[Date Prev][Date Next][Thread Prev][Thread Next][Date Index][Thread Index]

Re: [Xen-devel] MSI message data register configuration in Xen guests



On Fri, Jun 29, 2012 at 4:10 AM, Stefano Stabellini
<stefano.stabellini@xxxxxxxxxxxxx> wrote:
> On Thu, 28 Jun 2012, Deep Debroy wrote:
>> On Wed, Jun 27, 2012 at 4:18 PM, Deep Debroy <ddebroy@xxxxxxxxx> wrote:
>> > On Mon, Jun 25, 2012 at 7:51 PM, Rolu <rolu@xxxxxxxx> wrote:
>> >>
>> >> On Tue, Jun 26, 2012 at 4:38 AM, Deep Debroy <ddebroy@xxxxxxxxx> wrote:
>> >> > Hi, I was playing around with a MSI capable virtual device (so far
>> >> > submitted as patches only) in the upstream qemu tree but having
>> >> > trouble getting it to work on a Xen hvm guest.
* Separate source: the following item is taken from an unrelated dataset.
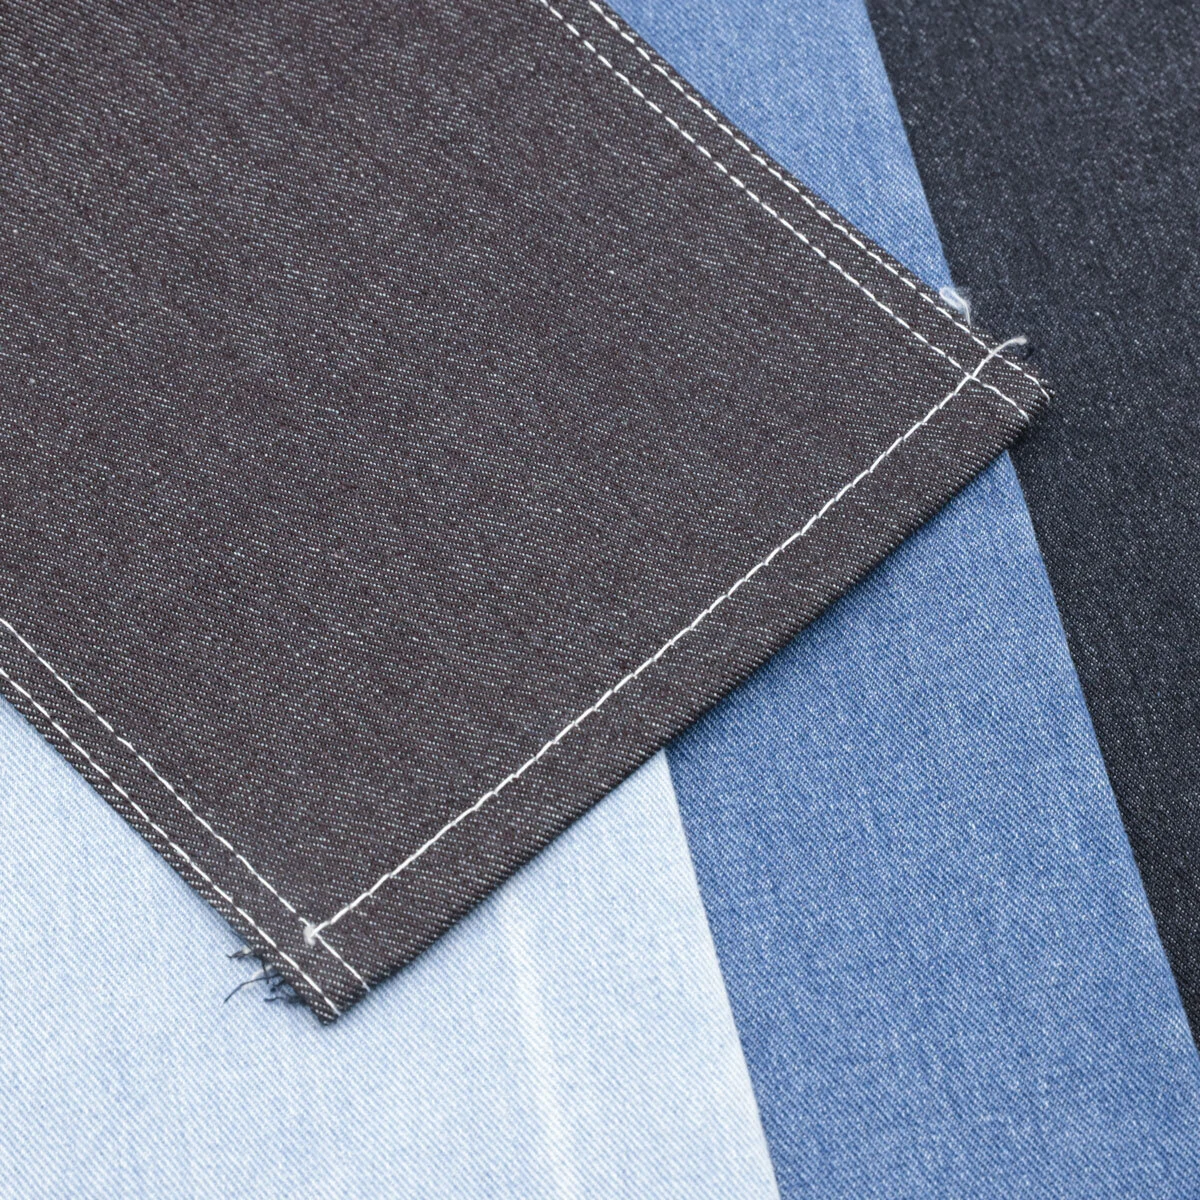 200C-4 Non- stretch Rolls of Denim Fabric for Jeans 6

The device happens to
>> >> > be a QEMU implementation of VMWare's pvscsi controller. The device
>> >> > works fine in a Xen guest when I switch the device's code to force
>> >> > usage of legacy interrupts with upstream QEMU. With MSI based
>> >> > interrupts, the device works fine on a KVM guest but as stated before,
>> >> > not on a Xen guest. After digging a bit, it appears, the reason for
>> >> > the failure in Xen guests is that the MSI data register in the Xen
>> >> > guest ends up with a value of 4300 where the Deliver Mode value of 3
>> >> > happens to be reserved (per spec) and therefore illegal. The
>> >> > vmsi_deliver routine in Xen rejects MSI interrupts with such data as
>> >> > illegal (per expectation) causing all commands issued by the guest OS
>> >> > on the device to timeout.
>> >> >
>> >> > Given this above scenario, I was wondering if anyone can shed some
>> >> > light on how to debug this further for Xen. Something I would
>> >> > specifically like to know is where the MSI data register configuration
>> >> > actually happens. Is it done by some code specific to Xen and within
>> >> > the Xen codebase or it all done within QEMU?
>> >> >
>> >>
>> >> This seems like the same issue I ran into, though in my case it is
>> >> with passed through physical devices. See
>> >> http://lists.xen.org/archives/html/xen-devel/2012-06/msg01423.html and
>> >> the older messages in that thread for more info on what's going on. No
>> >> fix yet but help debugging is very welcome.
>> >
>> > Thanks Rolu for pointing out the other thread - it was very useful.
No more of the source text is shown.